While concealed or open carry of any weapon is generally prohibited in England/Wales/Scotland, the Prevention of Crime Act 1953 only prohibited this in a public place.[3] Therefore, the carrying of an offensive weapon at home (i.e. private property) or behind the counter of a shop, fenced off building site, access controlled office block, etc. would be perfectly legal as these are not places the public have a lawful right of access[3][5][6]
Section 139(2) of the Criminal Justice Act 1988 defines a bladed/pointed article as "...any article which has a blade or is sharply pointed except a folding pocketknife".[26]

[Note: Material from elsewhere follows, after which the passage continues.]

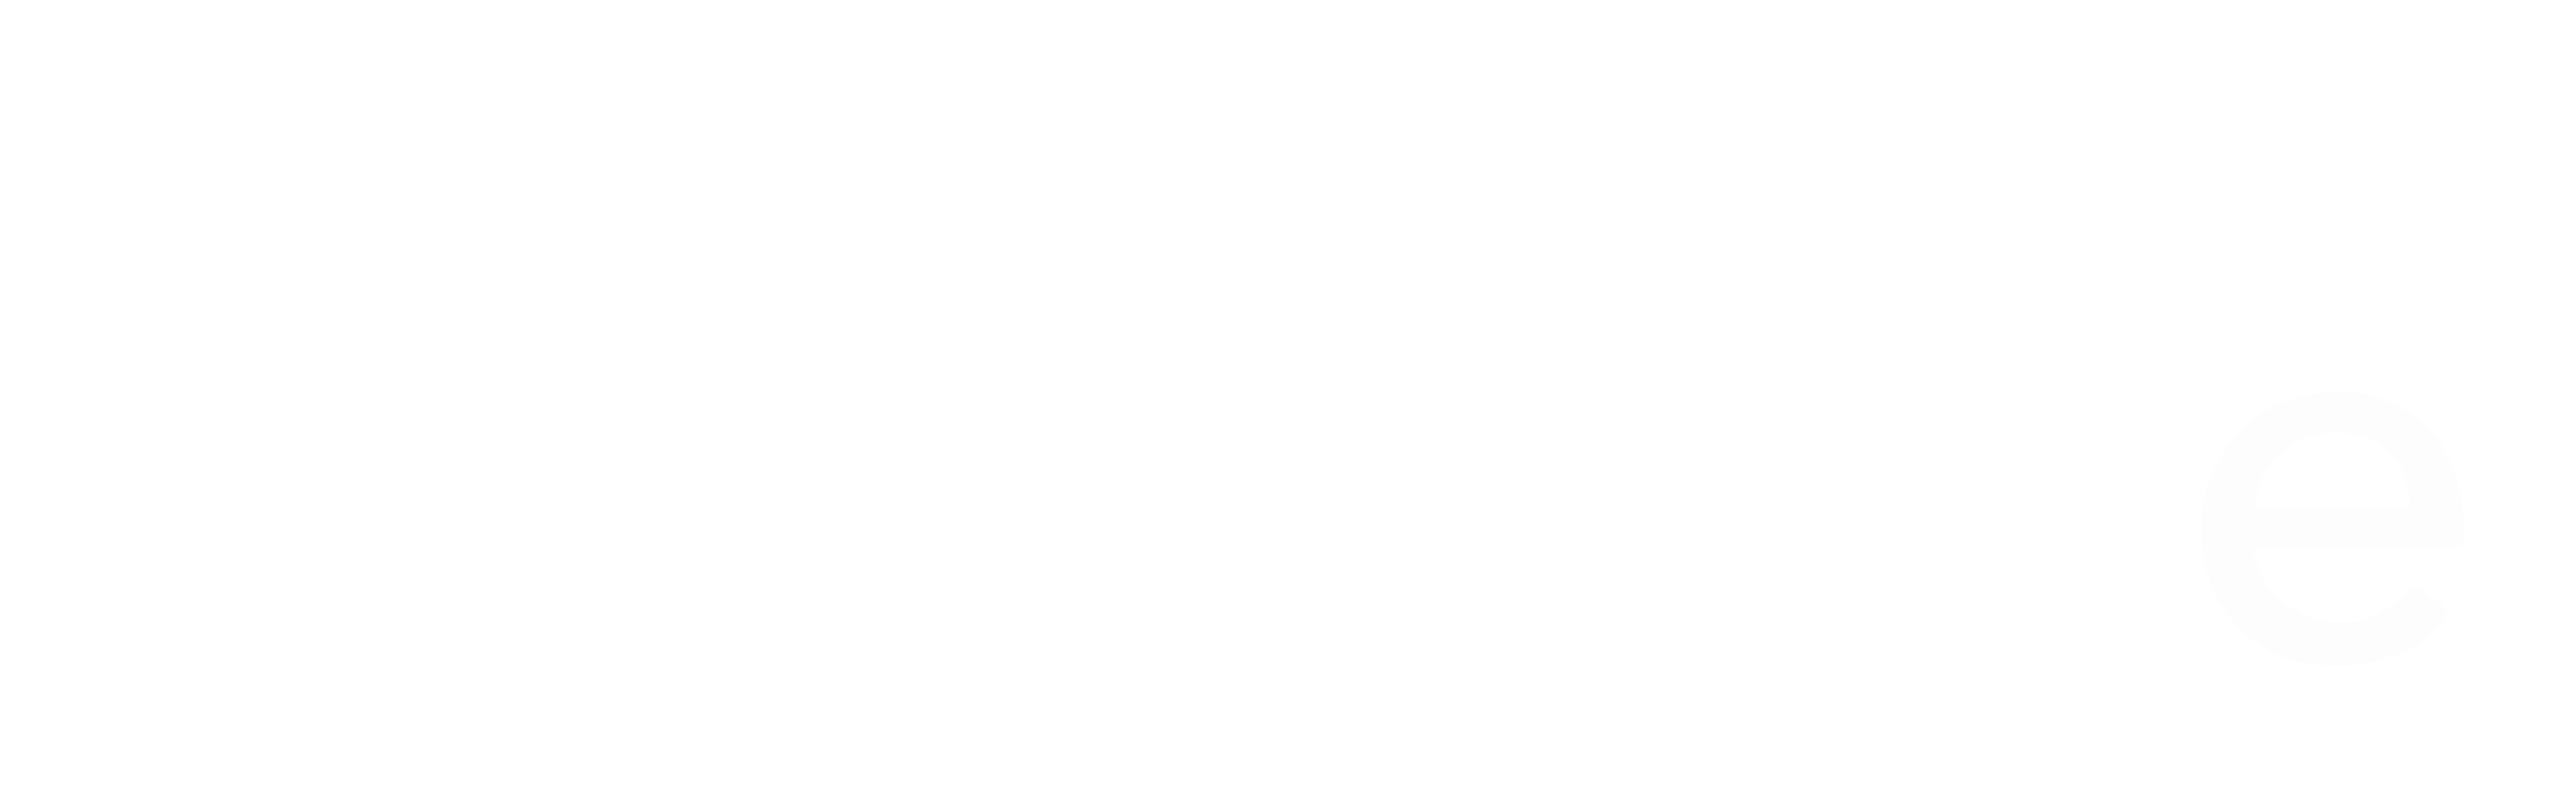 nobotel logo white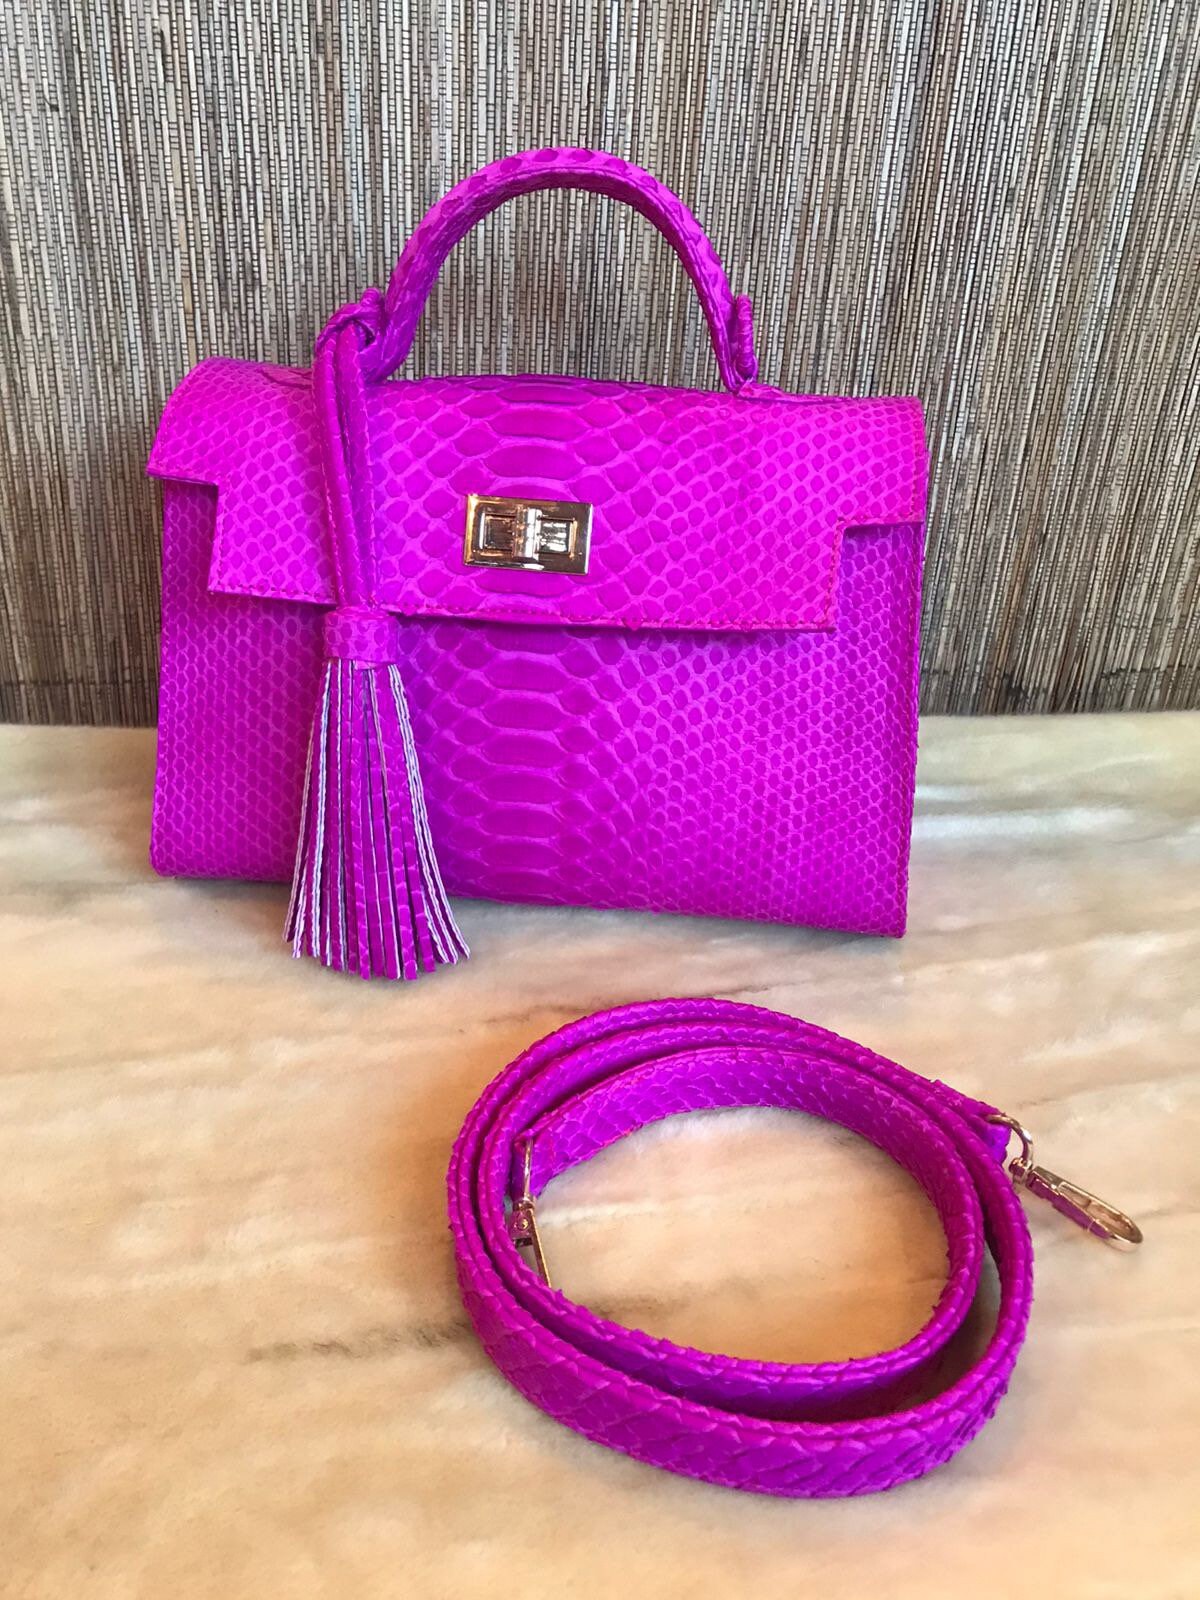 11 Trendy Hot Pink Handbags an Editor Loves

Concerning the offence of having a bladed or pointed article in a public place under Section 139 Criminal Justice Act 1988, as per subsection (4), "good reason" or "lawful authority" would be required.[27]
Subsection (3) waives the "good reason" or "lawful authority" requirement when the item is a folding (non-locking) pocket knife if the cutting edge does not exceed 3 inches, as this knife is not illegal to carry in public.[21] The cutting edge differs from the blade length. Other reasonable excuses are listed explicitly in the defences in subsection (5),[21][22] which states:
It shall be a defence for a person charged with an offence under this section to prove that he had the article with him: (a) he had "good reason or lawful authority" for having the bladed or pointed article; or (b) for use at work; (c) for religious reasons; or (d) as part of any national costume
This section also defines a public place in subsection 7 as "any place to which at the material time the public have or are permitted access, whether on payment or otherwise". A defence to this charge could also be that the location where the item was found upon the person was not a public place at the time. Such a place could be a fenced-off building site or a public park outside the opening hours.
This defence would obviously only apply to the bladed article offence. The scope of Section 1 Prevention of Crime Act 1953 would be a separate matter.
For sections 139 and 139A of the Criminal Justice Act 1988, the courts have held:[22][1]
In New Zealand, the definition is "anything that can be used to cause injury".[44]
In South Australia, "offensive weapon" is defined by the Summary Offences Act 1953 as including "a rifle, gun, pistol, knife, sword, club, bludgeon, truncheon or other offensive or lethal weapon or instrument but does not include a prohibited weapon".[45]